- Opening Delimiter -

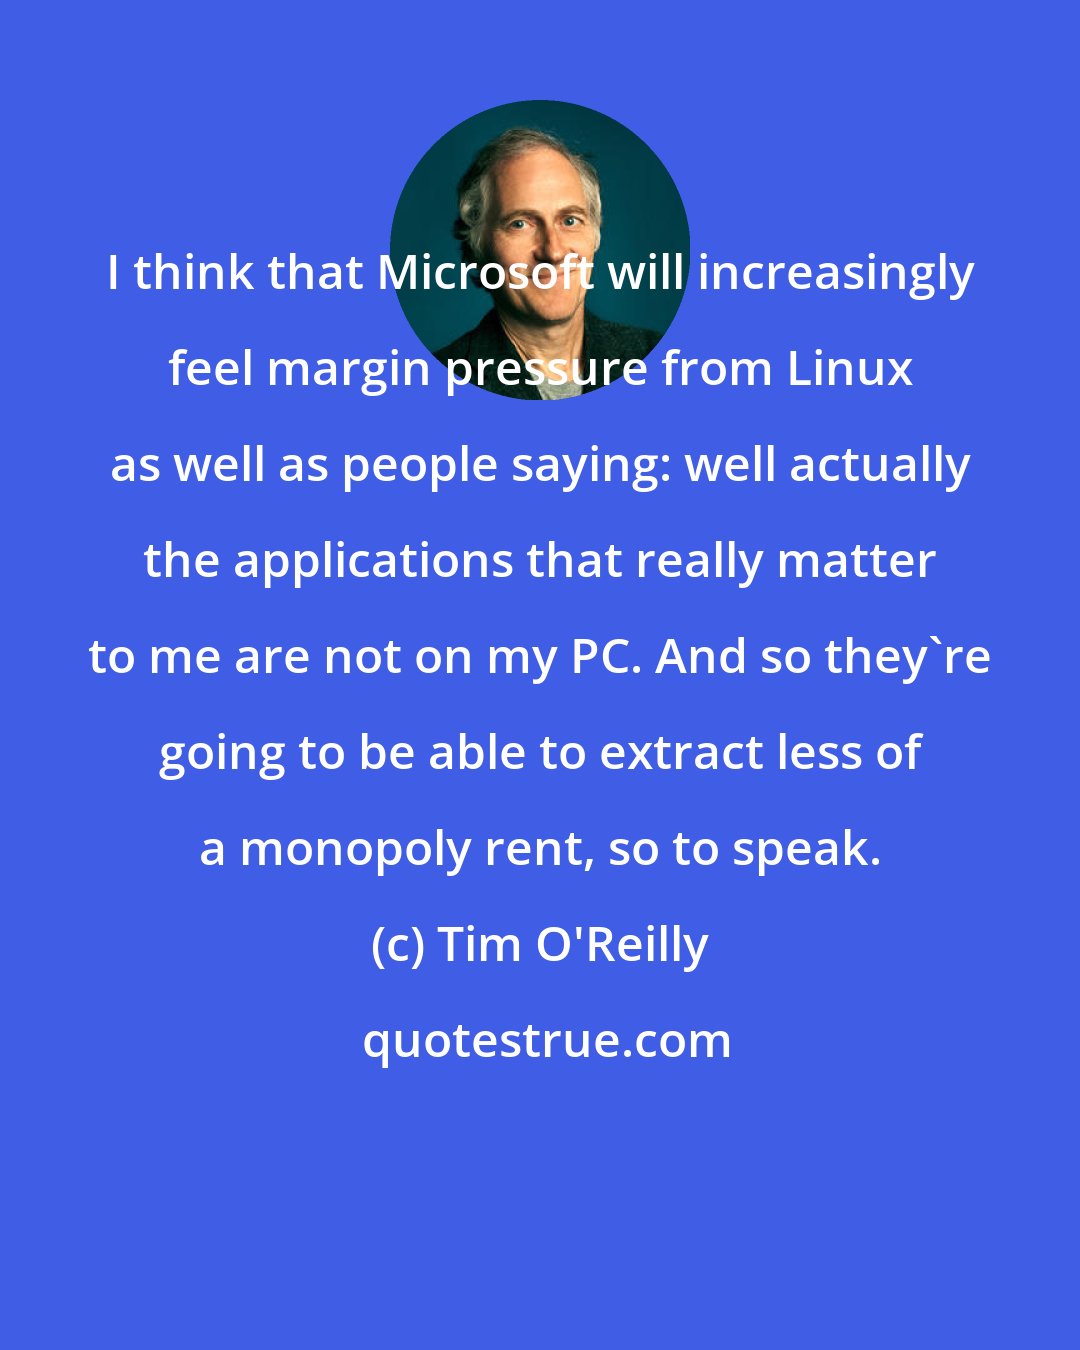 Tim O'Reilly: I think that Microsoft will increasingly feel margin pressure from Linux as well as people saying: well actually the applications that really matter to me are not on my PC. And so they're going to be able to extract less of a monopoly rent, so to speak.
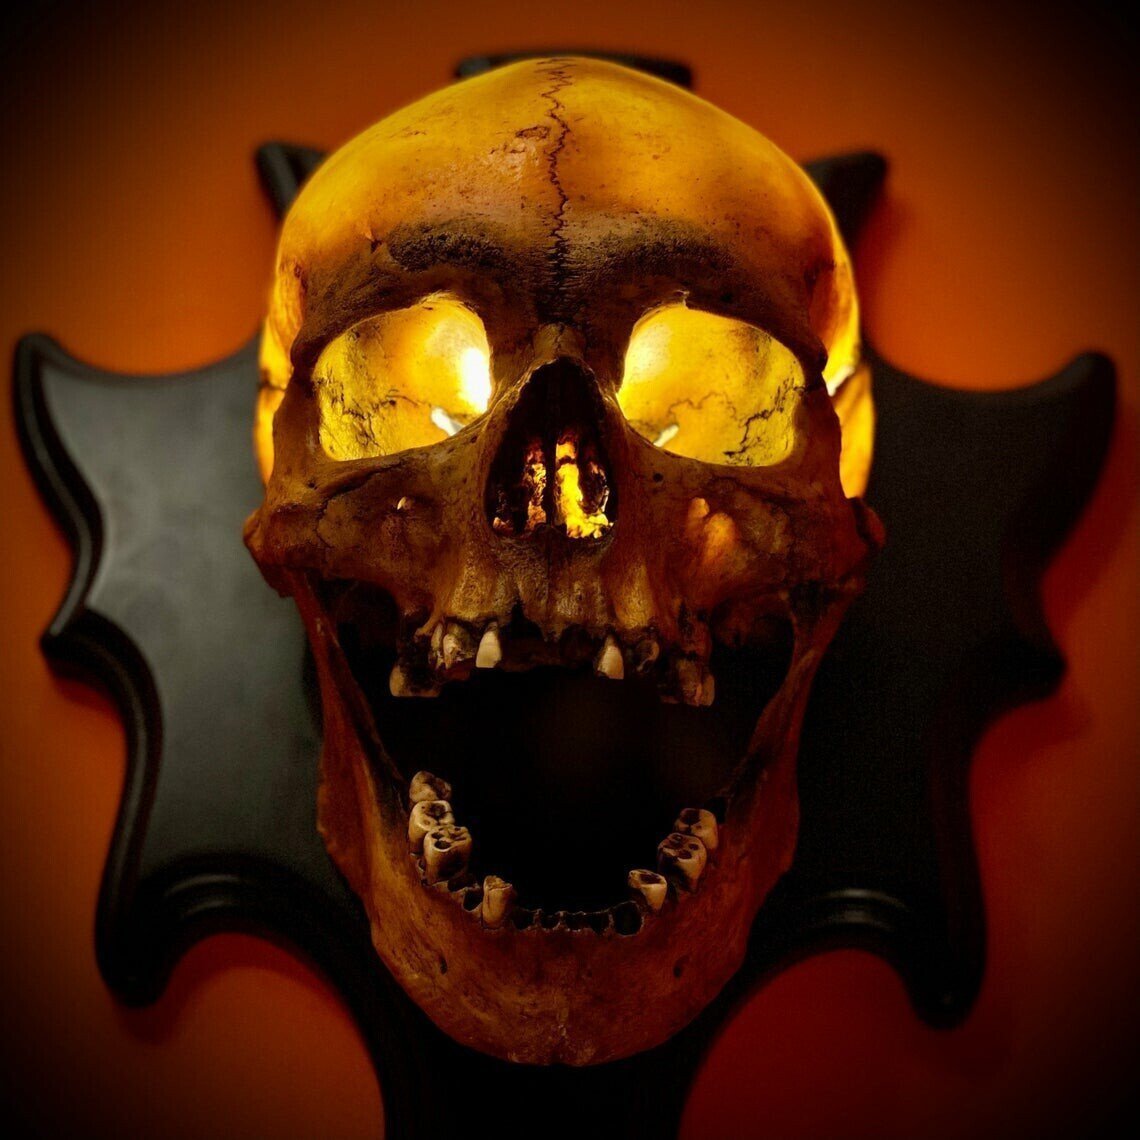 Get Ready for Halloween with our Skull Lamp - Pre Sale 49% OFF!
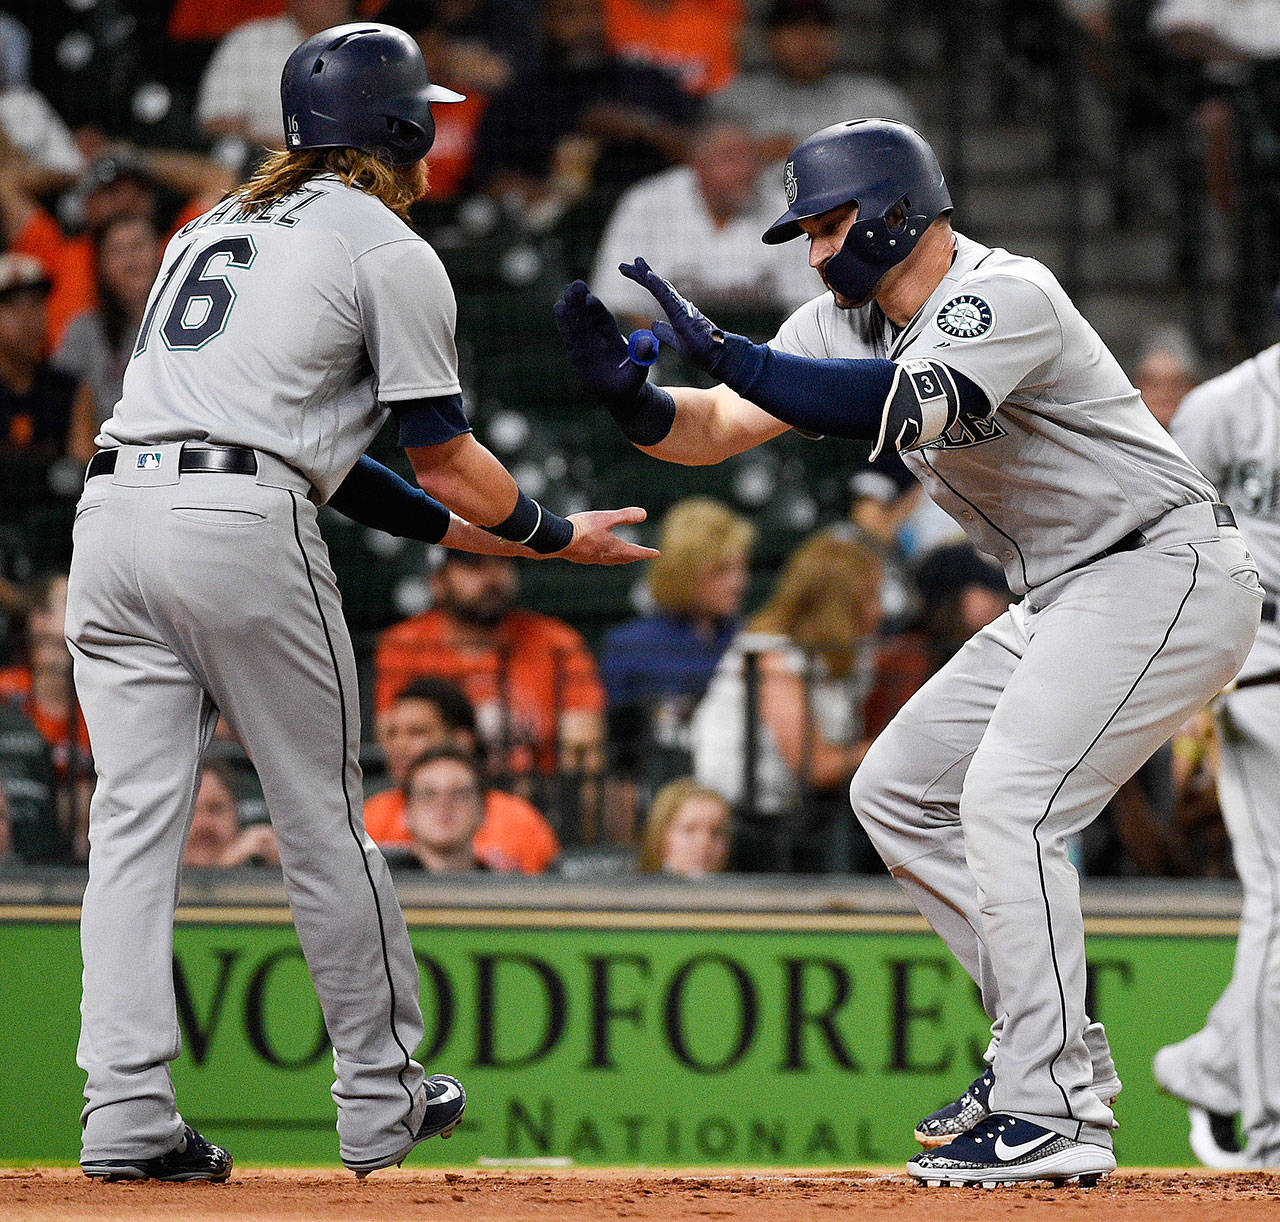 The Mariners’ Mike Zunino (right) celebrates his two-run home run with Ben Gamel during the second inning of a game against the Astros on June 5, 2018, in Houston. (AP Photo/Eric Christian Smith)
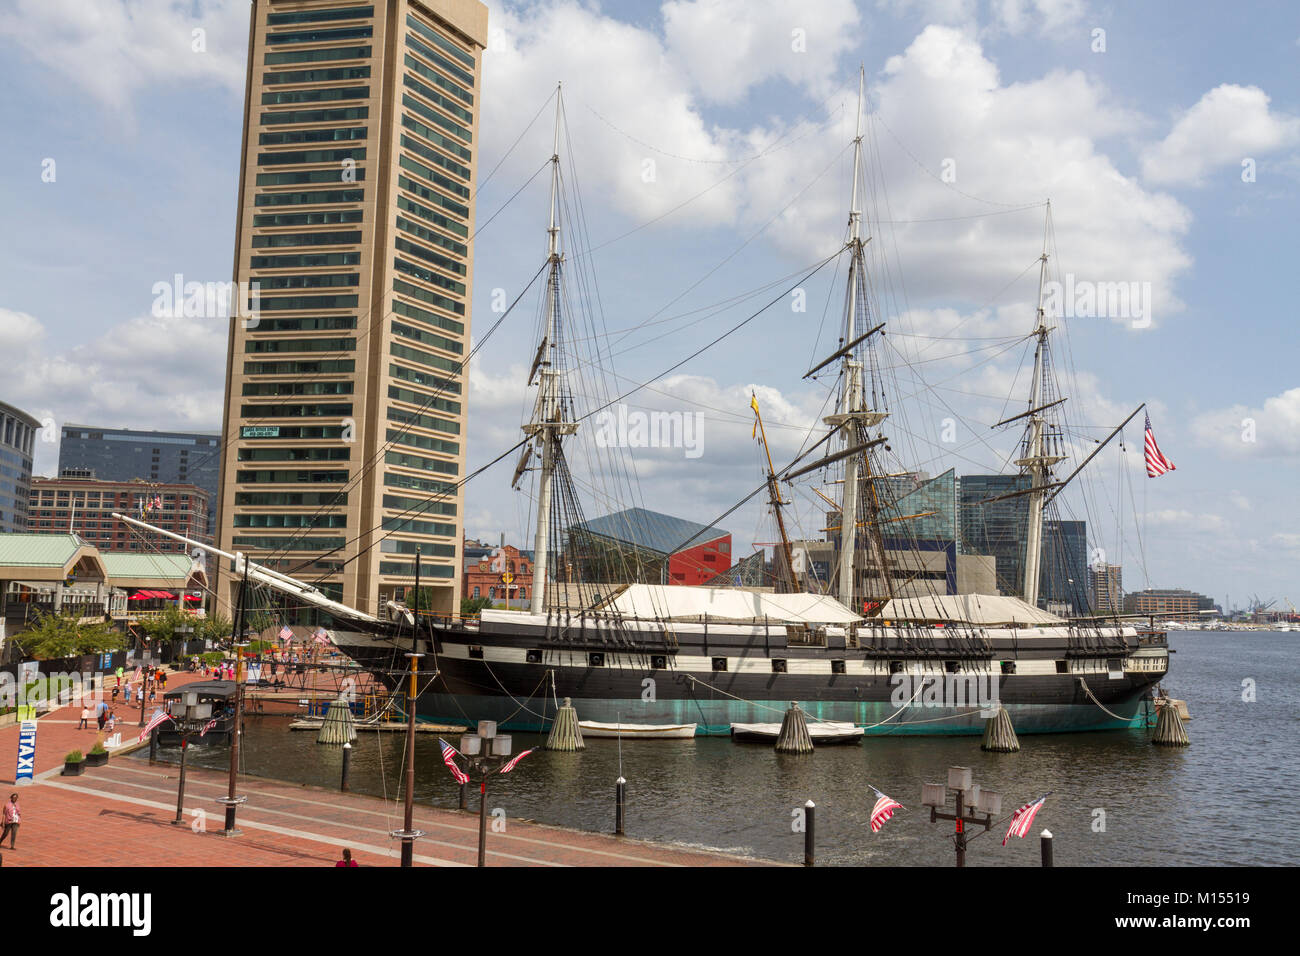 The USS Constellation, a sloop-of-war moored in Baltimore Inner Harbor, Maryland, United States. Stock Photo
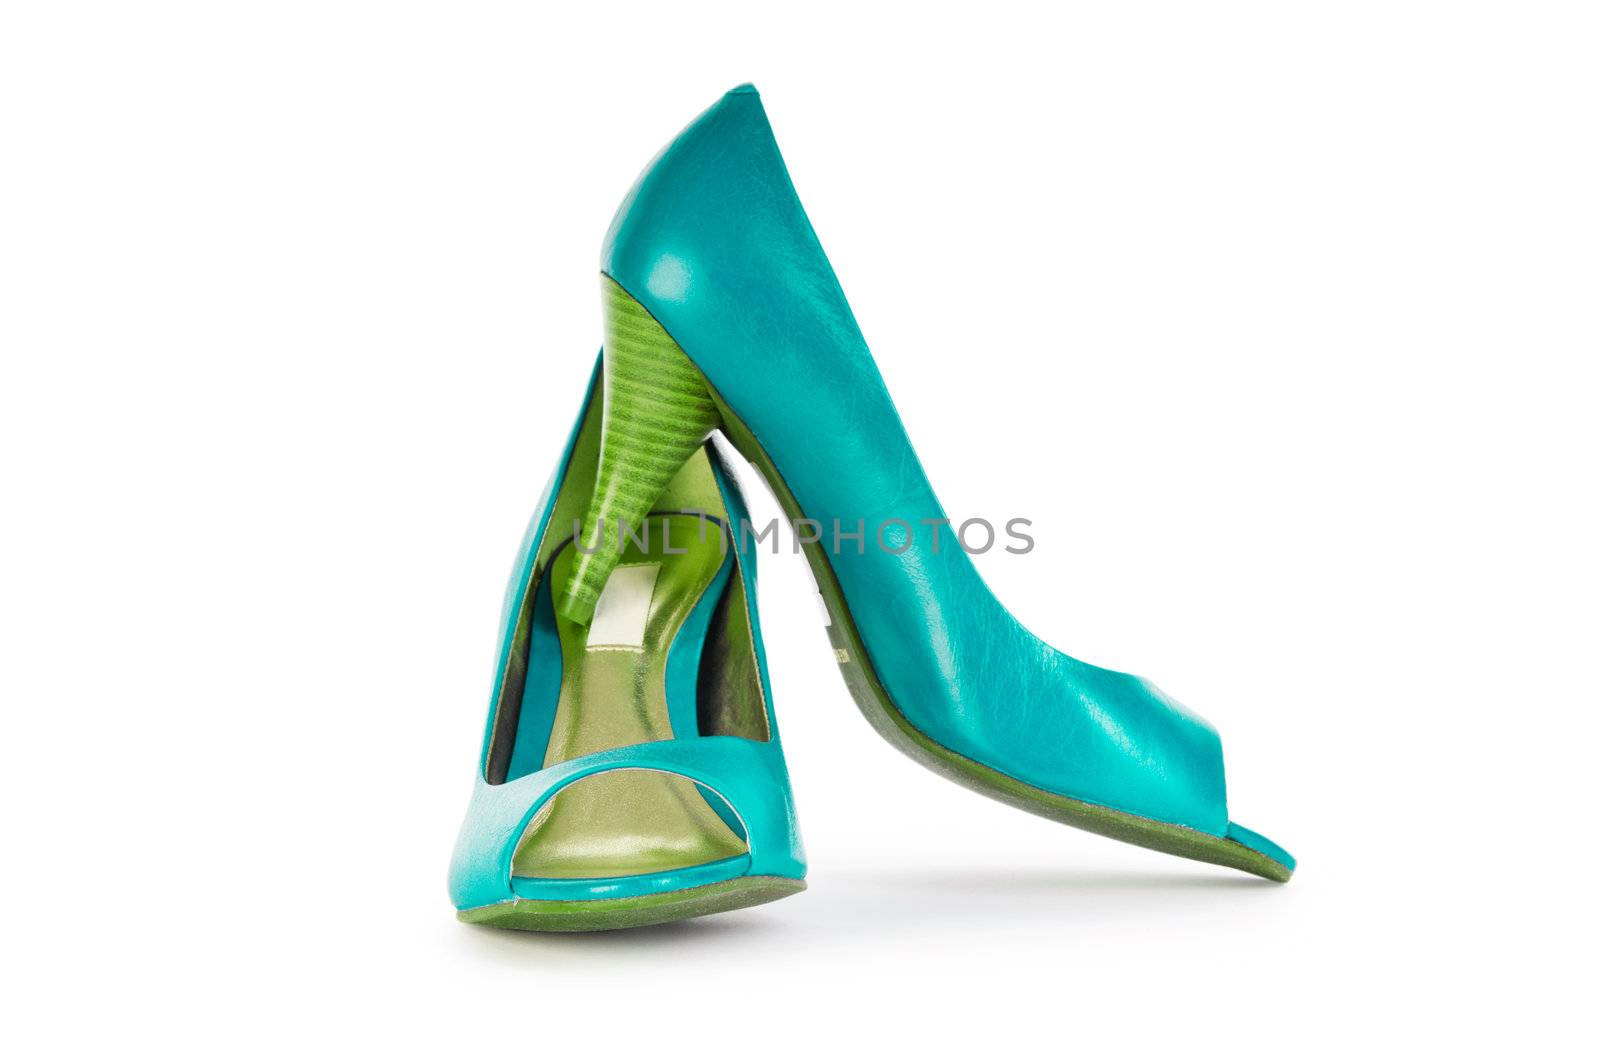 Female shoes in fashion concept by Elnur

- Closing Delimiter -

§ **Exercise directions**
Reproduce all entries without any change, and omit the pictures.

§ **Solution for this problem**
 Tim O'Reilly: I think that Microsoft will increasingly feel margin pressure from Linux as well as people saying: well actually the applications that really matter to me are not on my PC. And so they're going to be able to extract less of a monopoly rent, so to speak.
 Get Ready for Halloween with our Skull Lamp - Pre Sale 49% OFF!
 The Mariners’ Mike Zunino (right) celebrates his two-run home run with Ben Gamel during the second inning of a game against the Astros on June 5, 2018, in Houston. (AP Photo/Eric Christian Smith)
 The USS Constellation, a sloop-of-war moored in Baltimore Inner Harbor, Maryland, United States. Stock Photo
 Female shoes in fashion concept by Elnur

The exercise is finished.